Source material below:
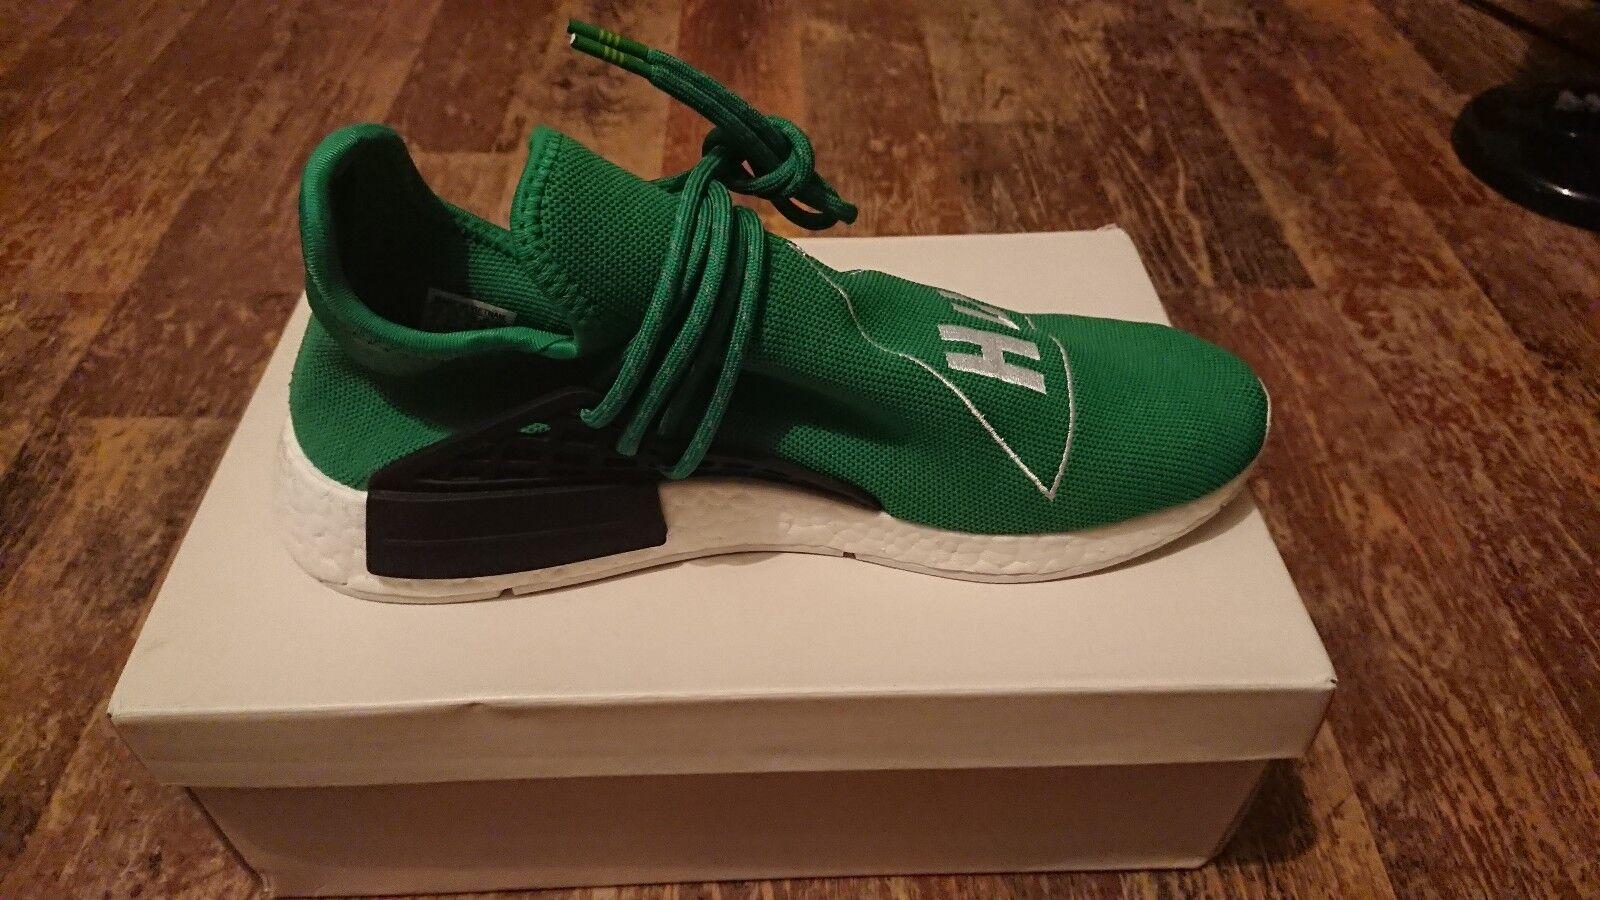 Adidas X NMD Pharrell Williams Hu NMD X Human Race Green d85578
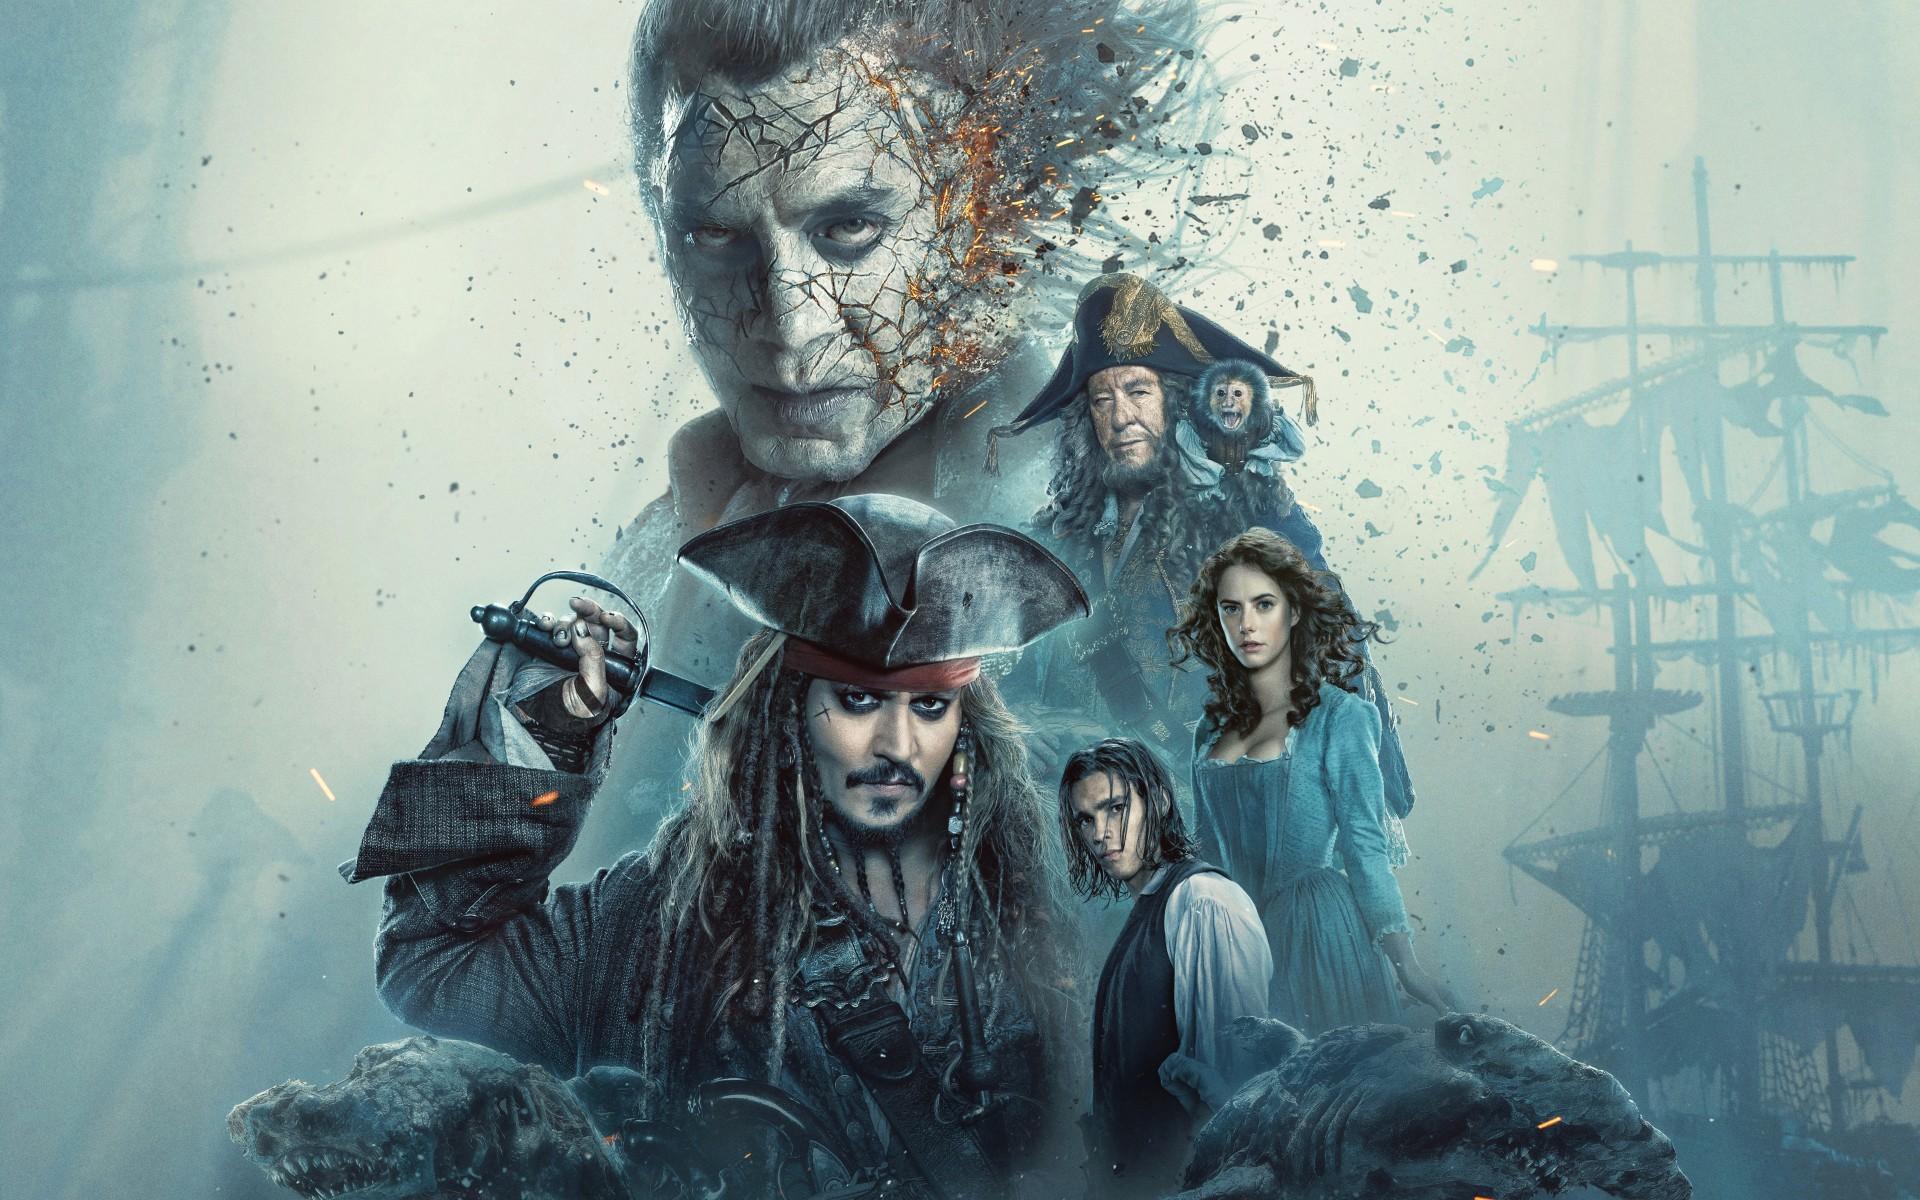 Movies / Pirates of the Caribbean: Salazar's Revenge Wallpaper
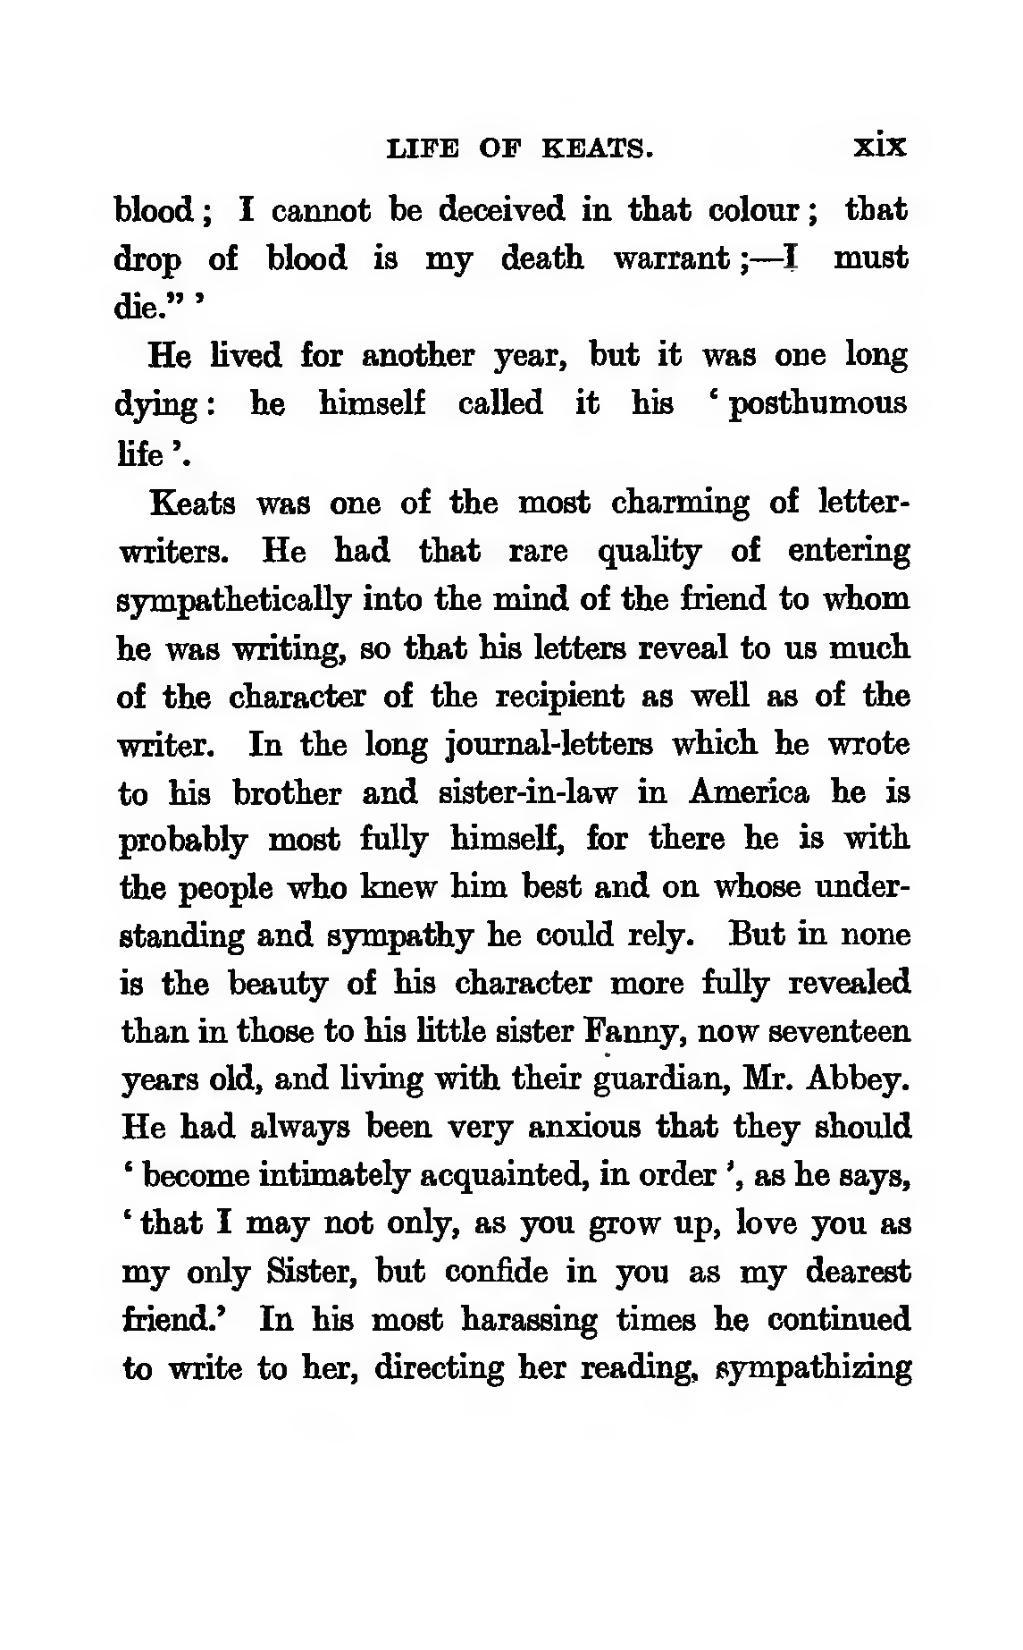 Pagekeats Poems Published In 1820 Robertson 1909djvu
End of Source material.
All of the lines above should be retyped precisely, apart from the pictures.

Your response >>
 Adidas X NMD Pharrell Williams Hu NMD X Human Race Green d85578
 Movies / Pirates of the Caribbean: Salazar's Revenge Wallpaper
 Pagekeats Poems Published In 1820 Robertson 1909djvu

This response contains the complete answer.